Travelling by slow journeys, they arrived through the snows at the summit of the mountain, where the solitary lived in the hospital he had founded, compassionating the dangers which awaited travellers from France and Germany to Italy. They found a man old before age, worn with fatigues and hardships, and knelt before him to ask his blessing, and to beg he would say masses for the peace of their son’s soul. The monk knew them, for their old age had altered less than his youth: and while he blessed them tremulously, they knew his voice, and started from his feet to fall on his neck and bless him also.
He had fled from the wedding feast to the city of Aosta, where he received holy orders and became archdeacon of the cathedral. He had preached at the peril of his life, in the heathen Alpine valleys, and rooted out idolatry; thrown down the statue of Jupiter still worshipped on the mount Jou, the little St. Bernard, and founded hospitals on each of the mountains which now bear his name, instituting for each one a congregation of monks. He told his past life and his vocation to the parents who had found him; they wept together, and then they parted, as was his will, they to return to their lone castle of Menthon, to pray for its exiled heir; he to bury himself once more in the tomb he had selected, and forget if he could that he had seen forms and re-awakened affections which drew him back to the world.
St. Bernard preached in the Alpine valleys forty-two years, and afterwards in Lombardy, whence he travelled to Rome; he died at Novara and was canonized.

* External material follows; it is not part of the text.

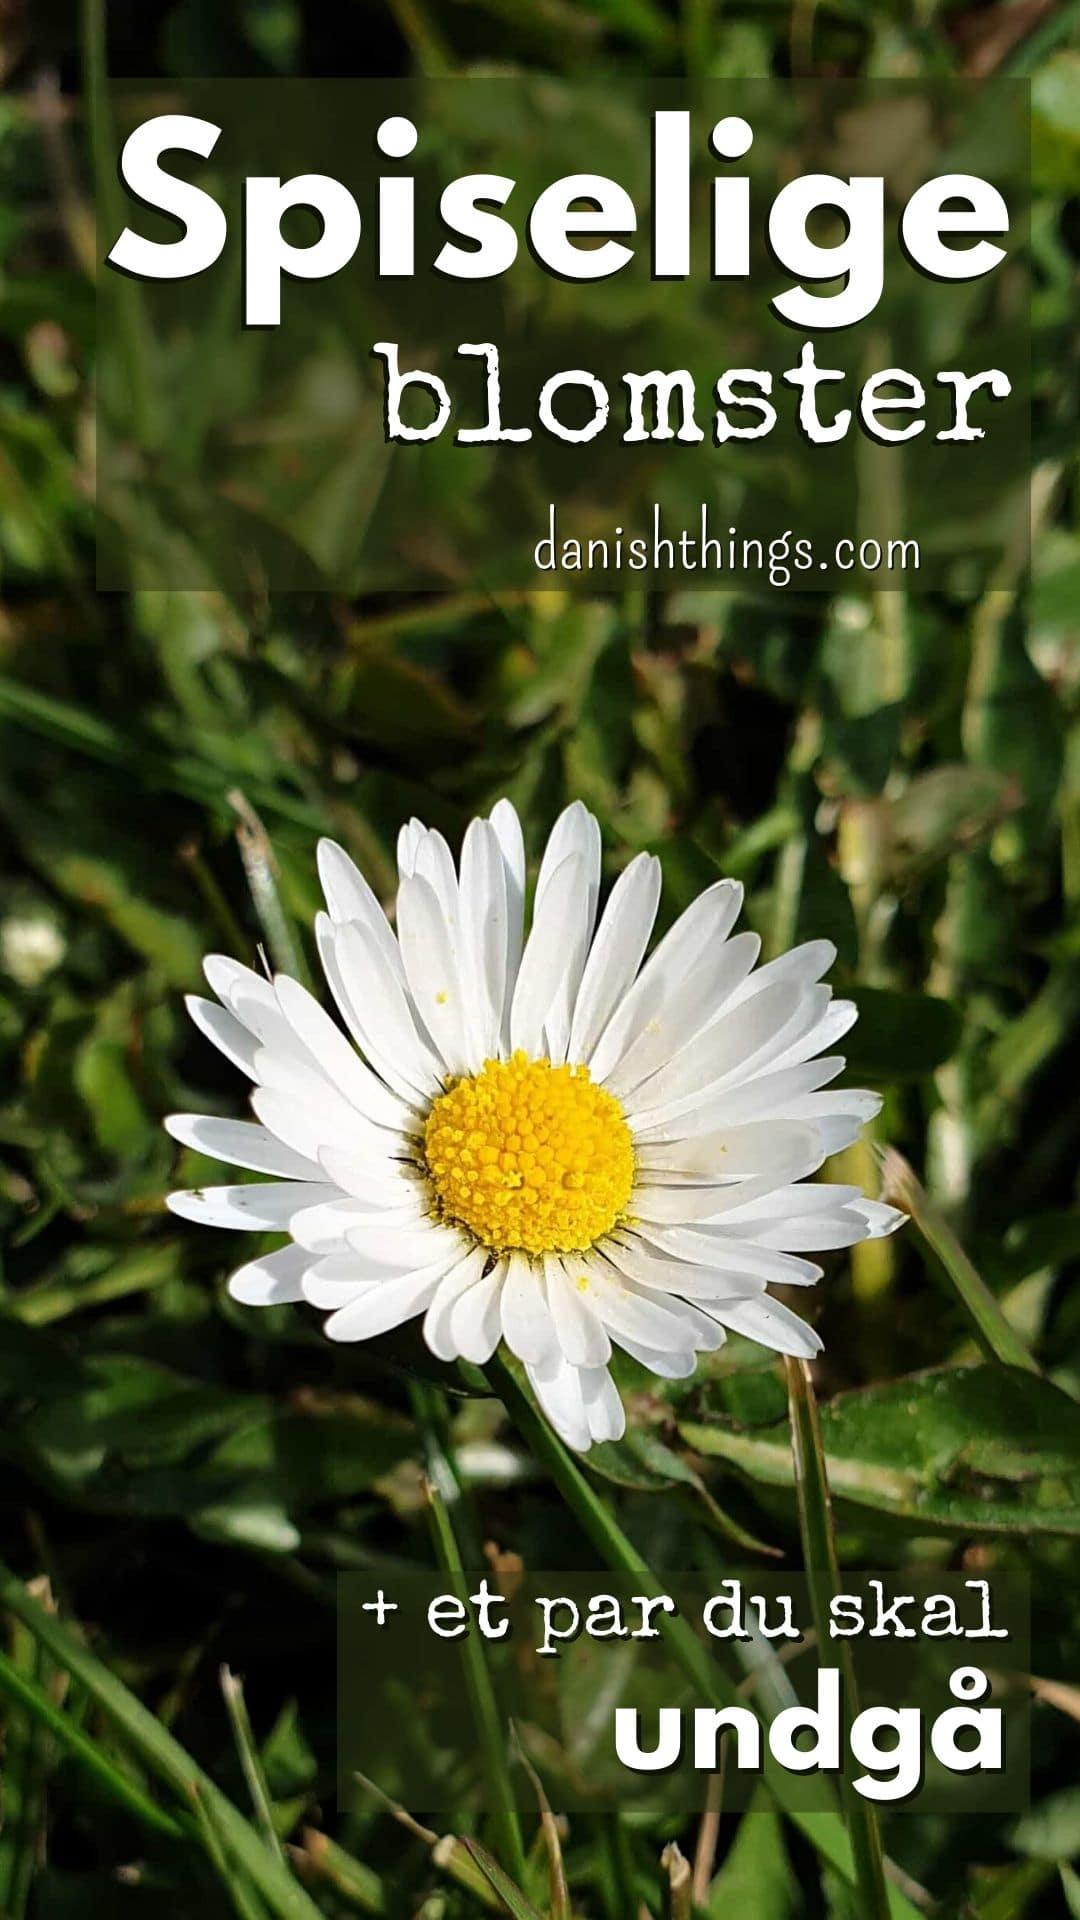 Spiselige blomster, stauder og urter – find de mange spiselige favoritter, 3 du skal spise med måde og et par giftige, som måske overrasker. Få inspiration til brug, tips, opskrifter med de forskellige blomster og find inspiration til årets gang på danishthings.com. #danishthings #blomster #spiselige #giftige #spis-med-måde #undgå #dekoration #spiselige-blomster #spiselige-stauder #det-salte-køkken #det-søde-køkken

It is not surprising that the country about Martigny should be unhealthy; the road from this to Riddes, two posts and a half, is raised along the centre of a marsh, now overflowed by the Rhone; the valley produces here only rushes and rank-grass, which feed the thin cattle scantily, and stunted birch trees, and unprofitable barberry bushes, and a kind of furze with a red berry. It seems a fitting habitation only for the frogs, which croaked and jumped by myriads from the wet bank to the muddy stream as we rode along. The unfortunate peasants scarce look like human beings. I did not see two with throats undeformed by enormous goitres. Cretins abound in the valley, and those not belonging to the idiot tribe have an expression of abjectness and misery not much higher in the scale. They are mostly of dwarfish stature, and the women wear the small straw hat with turned-up brim, ornamented with brilliant ribands of gold and silver tissue, which show off in all their ugliness their unwholesome complexions and ill-formed features. At Riddes the Indian corn is cultivated again, and near Riddes to the right is a fine view of chasm and torrent, a castle above and hamlet beside, breaking the sadness of the drear valley and barren mountains. Farther on are pretty villages, surrounded by fine old walnut-trees and pastures, green as those of the Simmenthal. In a field we rode by were hay-makers busy; a woman called to desire I would approach and show my strange figure. I answered, at a like pitch of voice, that I had not time, and we left merriment behind us.
It would be difficult to fancy a finer grouping of crag, river, and valley than approaching Sion. The Rhone to the right; the peaked mountains rising before two crowned with castles; to the left, highest and grandest, Tourbillon; on the right, Valerie. The first ruined, but nobly; turret and tower and battlement standing as in the fine old age which succeeds a strong manhood. Below, as we approached the fortified wall, which, flanked by its look-out towers, surrounds the city, we saw the third castle of Majorie, once the residence of the governors of the Valais. Behind the town, on another and almost inaccessible crag, is the ruin of the castle of Seyon, of which time, and siege, and fire have left small remains.